Shoppers spend, on average, $740 per season on holiday merchandise. This season Deloitte’s annual survey of 5,000 consumers states that 63% of shoppers intend to “spend the same or more” then they did last year. To find another year with so many reporting to spend “the same or more” you have to go back to Deloitte’s 2006 survey.

But even though consumers are reporting to spend more the amount of gifts they are buying continues to decline, from 23 in 2007 to 15 last season. Of those gifts most consist of clothing (51%) and gift certificates (47%).

As expected, the use of the web continues to escalate with a full one-quarter of shoppers reporting that the “majority” of their purchases will be online.

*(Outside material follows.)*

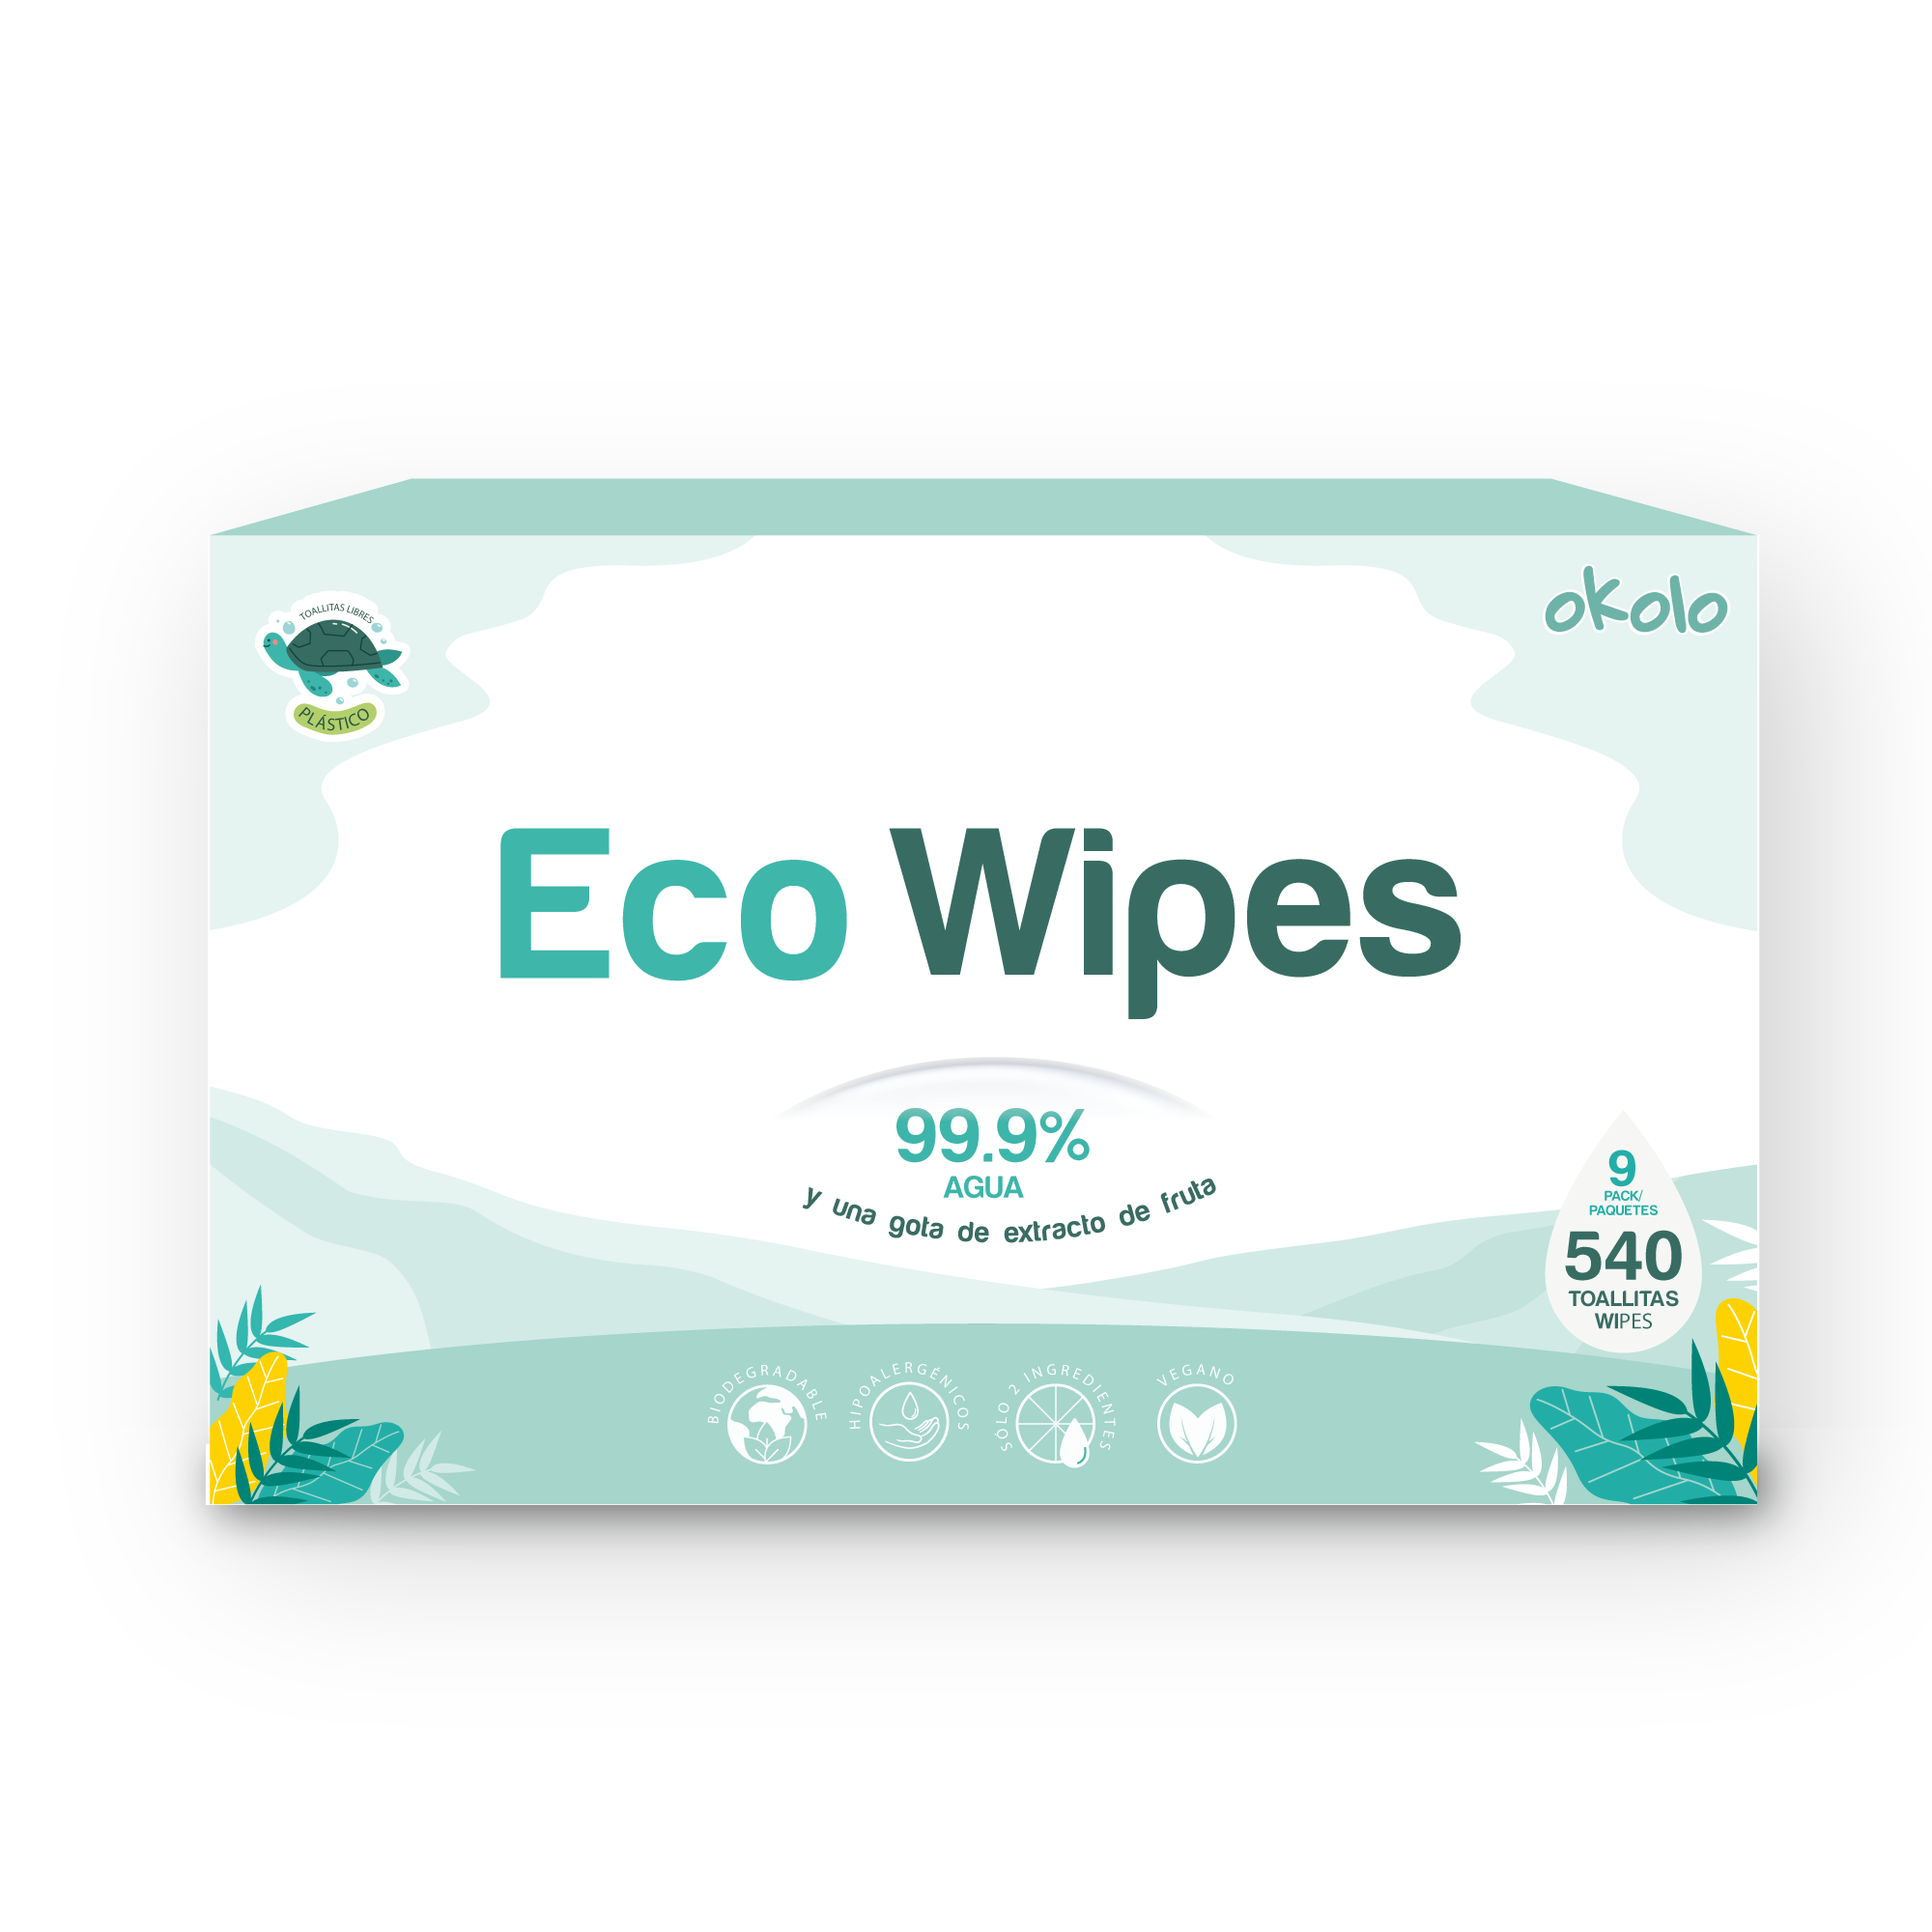 ECOWIPES PREVENTA | Pañitos Húmedos Ecológicos desde $218 cada Toallita, Biodegradables, Veganos, Libres de Plástico, Sin Fragancia Artificial

Showrooming will be more challenging for brick-and-mortar retailers this year, but there are some strategies that can be done in defense.  This mobile movement is also why many top retailers—from Target to Best Buy—will match the prices found on this year. Consumers must ask for the price cuts at check out and show proof. They also have to shop early as many stores will stop online price matching the week prior to Christmas.

An interesting trend is that toy sales are actually down 30%–from $85 per person to $60 per person since 1998. Videos games are thought to be the primary culprit.

Another trend to watch socially is Pinterest. Unlike Facebook and Twitter, Pinterest is a place where it’s actually okay to buys things. Wayfair’s Jane Carpenter recently summed up the situation well:

“Our Pinterest referrals spend 70% more than nonsocial channels, including search. They are 10% more likely to purchase when compared to other social channels.”

To see how all of these holiday retail predictions begin to tabulate, all eyes will be on Black Friday…

Of course, many might think it’s too early for a Holiday post… But 51% of us have already started our shopping.